General characteristics
- Type: schooner
- Tonnage: 43 tons
- Length: keel 49 ft (15 m), overall 60 ft (18 m)
- Beam: 13 ft 6 in (4.11 m)
- Draught: 2 ft 6 in (0.76 m)
- Depth of hold: 6 ft (1.8 m)
- Propulsion: paddle wheels driven by 2 x 5 horsepower vertical steam engines
- Speed: 8 kn (15 km/h; 9.2 mph)

= PS Governor Wynyard =

PS Governor Wynyard, was a small steam ship, the first to be built in New Zealand, and was launched in 1851. She was a paddle steamer schooner, built of pohutukawa, with kauri planks. In 1853, she ended her service on the Tamaki River in Auckland and was sold in Melbourne in 1852 during the gold rush. Soon after, she started functioning as a ferry in Tasmania, where her basic engines were removed in 1858. She sprang a leak and became a beached wreck in 1873.

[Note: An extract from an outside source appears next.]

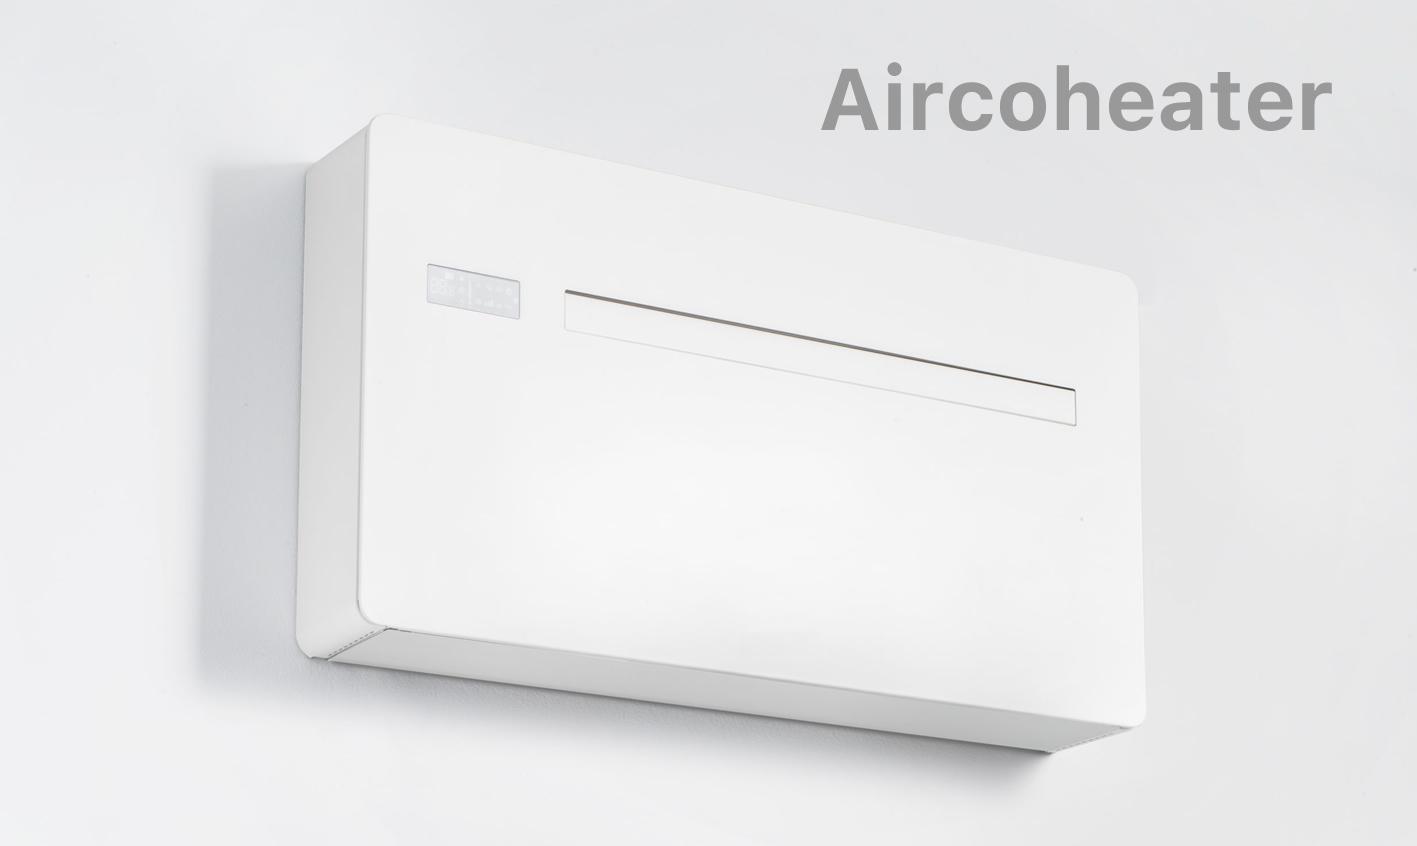 Aircoheater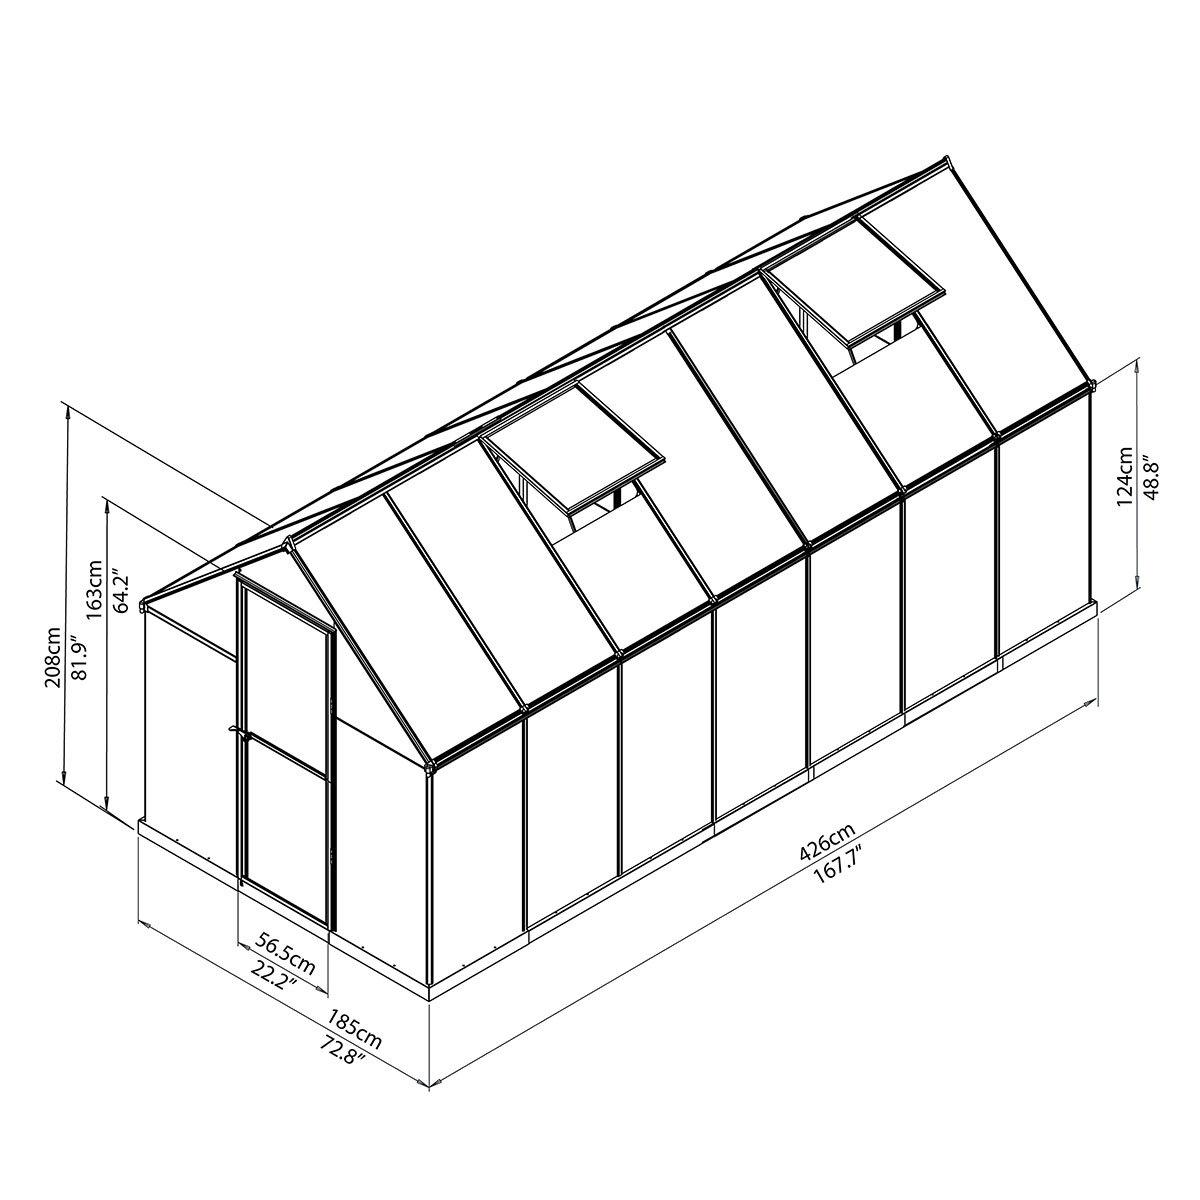 Gewächshaus Multi Line 6 x 14 mit Stahlfundament, 424 x 185 x 209 cm, Aluminium, silber | #9

She was built at Stone & Lanford's Freemans Bay yard for the builder's brother, C. J. Stone, and his partners, F. Gardiner, and Captain A. Cook. The ship was launched sideways on 24 December 1851. Her two steeple engines were fed by a double tubed Lancashire boiler, built by William Bourne's foundry. The foundry tools were rudimentary and work was delayed until an American boilermaker, Mr. Brown, arrived. He had no shears, rollers, or punching machine, but made a clay mould to bend the plates and had the holes manually punched in the boiler.

The vessel was towed to Wynyard pier, where the Mayor named her. An anonymous letter to the New Zealander had said she was to be named after the Governor. A 1909 account said no name had been chosen, but that the governor was very pleased, so the name Governor Wynyard was chosen.

Governor Wynyard made a trial trip on the Tamaki River on 10 January 1852, with one of her owners, Captain Cook, Mr. Brown being engineer. Due to his inexperience the boiler primed and he opened the safety valve, but drained too much water, so that the fire had to be damped down and water added with a bucket. After the initial delay she reached 8 knots. Her exhaust steam blew into her paddle-boxes, making an explosion on every piston stroke. A contemporary report said, "she makes full as much noise as speed".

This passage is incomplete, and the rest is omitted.